Global central bank purchases showed seasonal slowdown in January. Banks bought an average of only five tons of gold, compared to an average of 27 tons per month last year. Analysts believe that the accumulation of oil shocks and regional instability will continue. This trend is expected to persist through 2026.
Marissa Salim, an analyst from the World Gold Council, made the following assessment: "Volatile prices and the holiday season may have paused some central banks." Salim emphasized that geopolitical risks do not show signs of decreasing. This will keep corporate appetite high. In the ETF market, US-based gold ETFs recorded a net inflow of $4.5 billion in February. This figure indicates that retail and institutional investor sentiment aligns with central bank activity.

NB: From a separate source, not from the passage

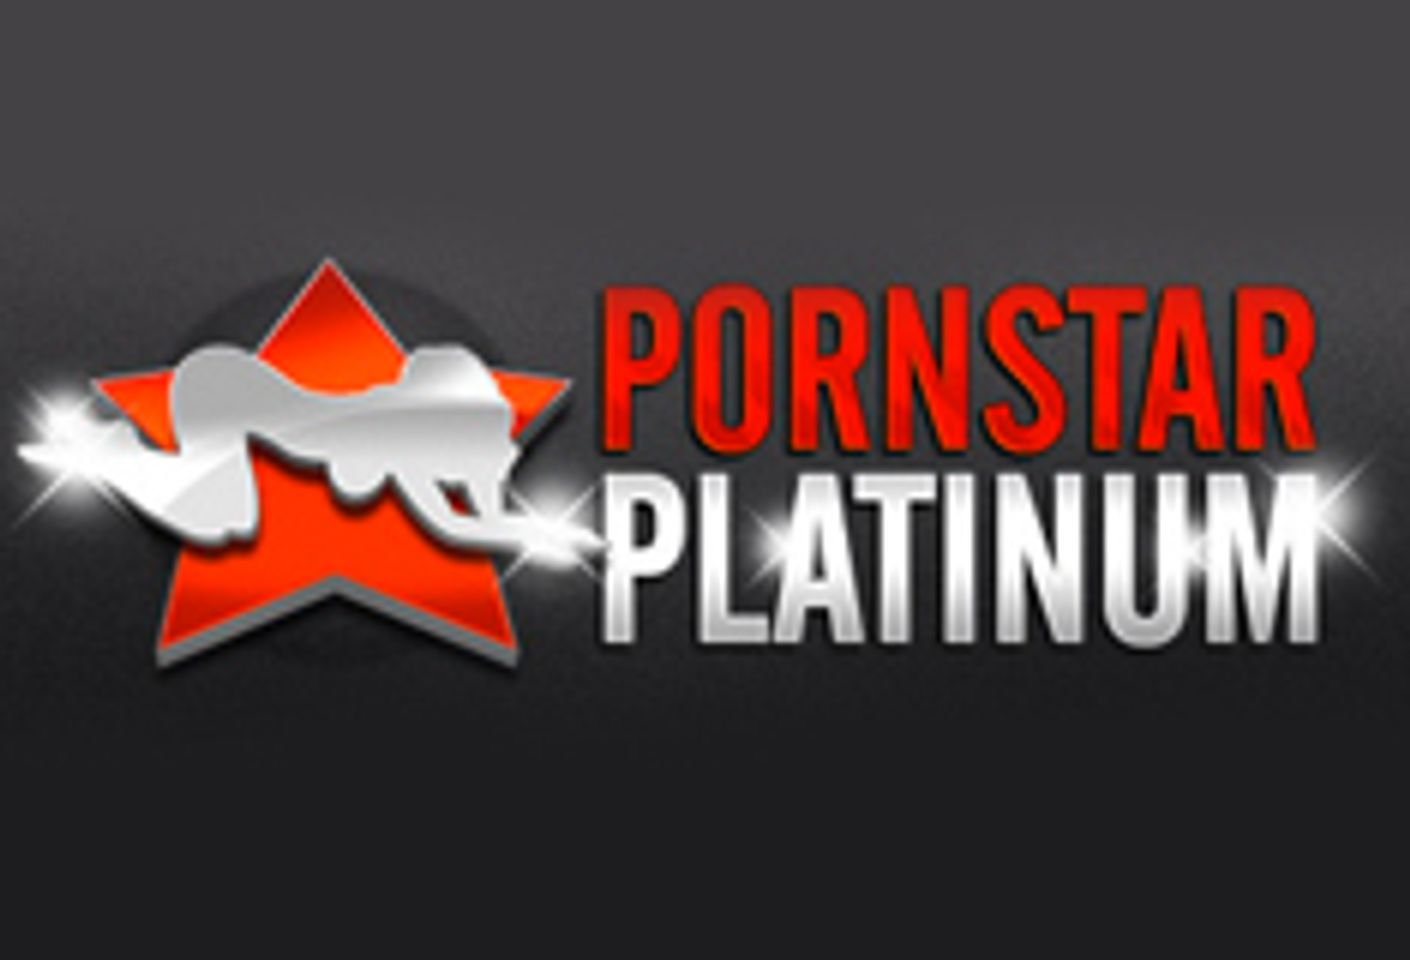 Pornstar Platinum Launches PornstarJustice.com
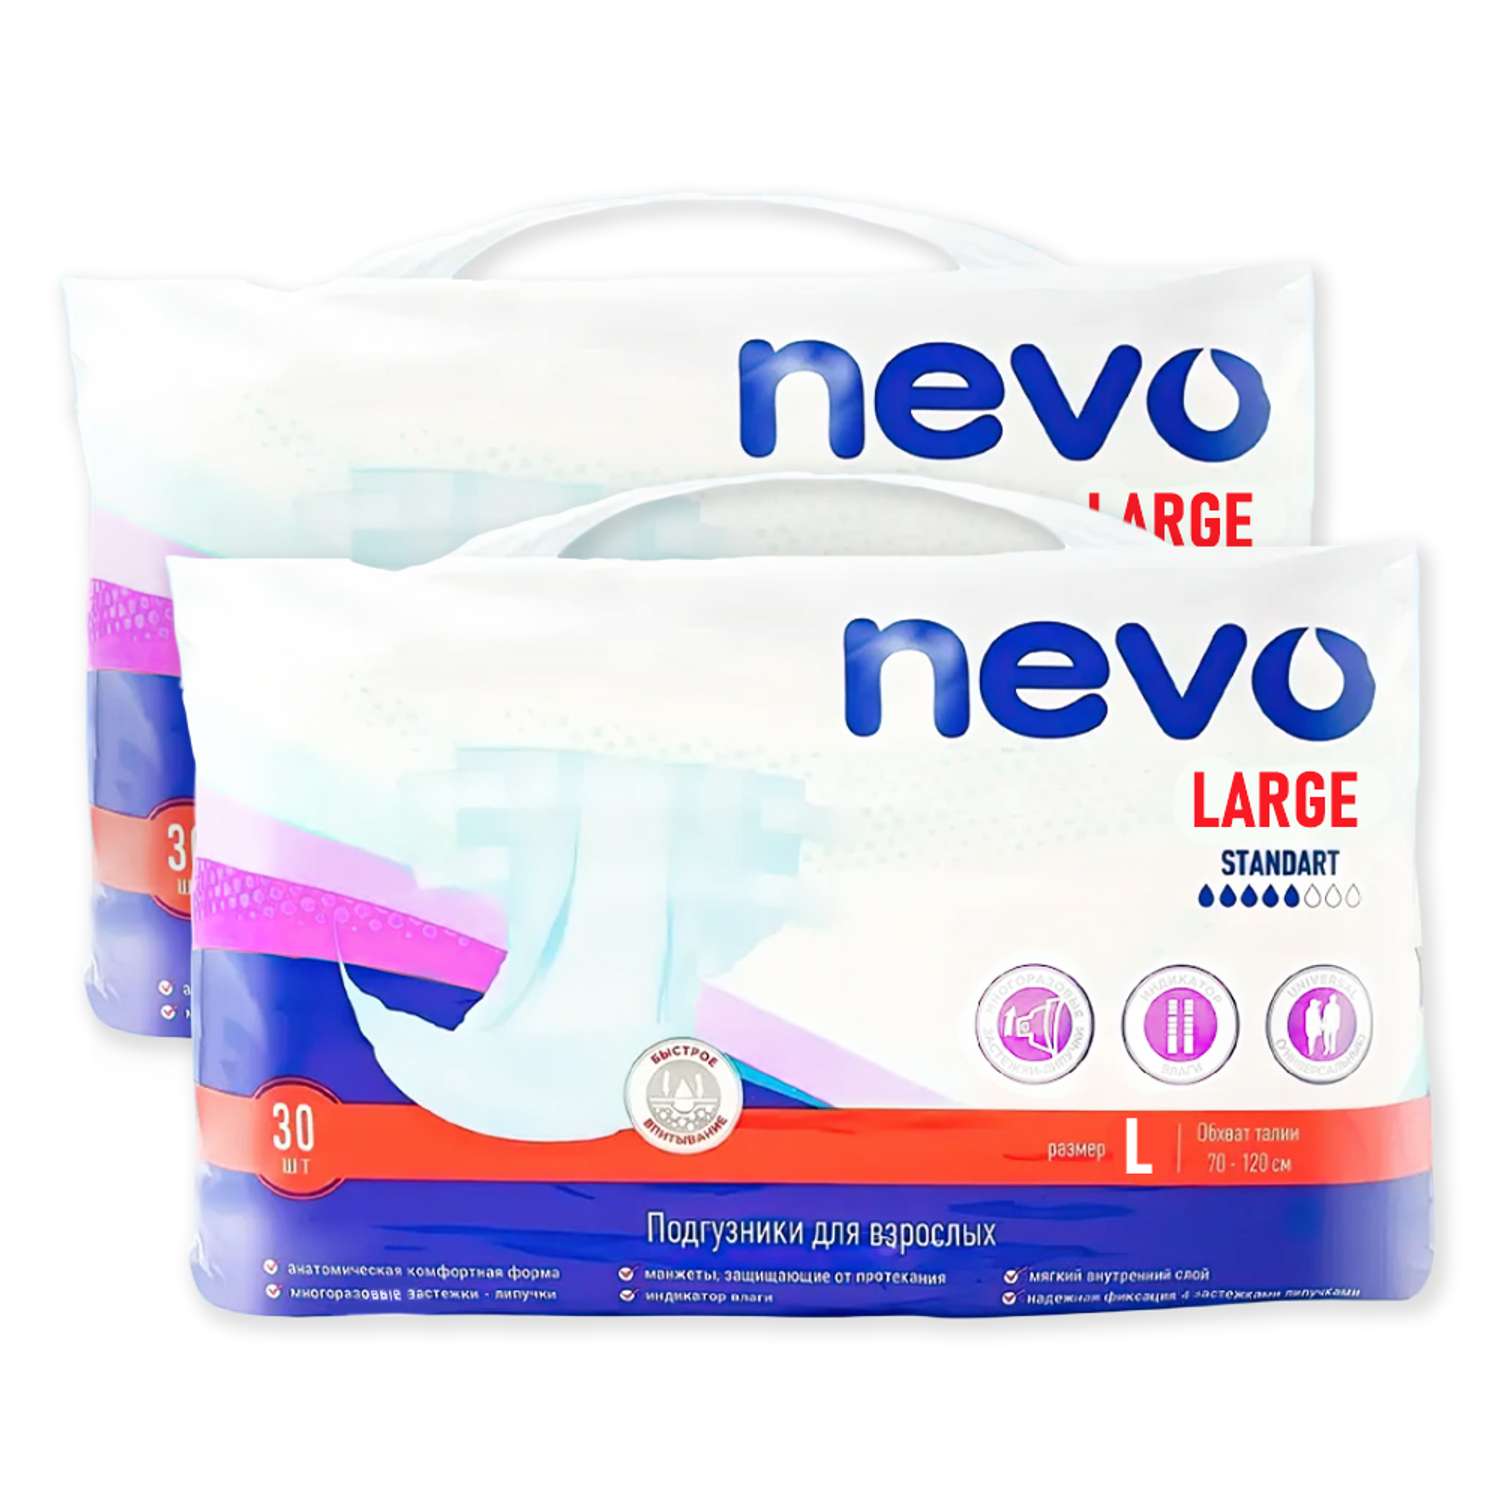 Подгузники для взрослых Nevo Large Standart размер L 2 упаковки по 30 шт - фото 1

Reserves differentiation and liquidity needs
The bullion gold market is witnessing a clear divergence in central bank strategies. A broader accumulation trend is being managed by East Asian and Central European countries. Poland’s central bank was previously one of the most aggressive buyers. Recently, the bank proposed selling part of its reserves to finance urgent domestic defense spending.
Russia and Venezuela’s central banks have also recently appeared as sellers. These countries are likely trying to strengthen liquidity due to tightening sanctions. Economic isolation is also fueling this situation.
The USD/CNY exchange rate remained relatively stable during the announcement, at around 6.8968. However, PBOC’s consistent gold purchases indicate a long-term strategic shift. China is thus trying to hedge against currency volatility.
Analysts at J.P. Morgan currently forecast that gold prices will average $5,055 by the end of 2026. The persistent accumulation of central bank demand forms the primary base for the market. Although changes in US monetary policy cause short-term volatility, this situation is expected to continue.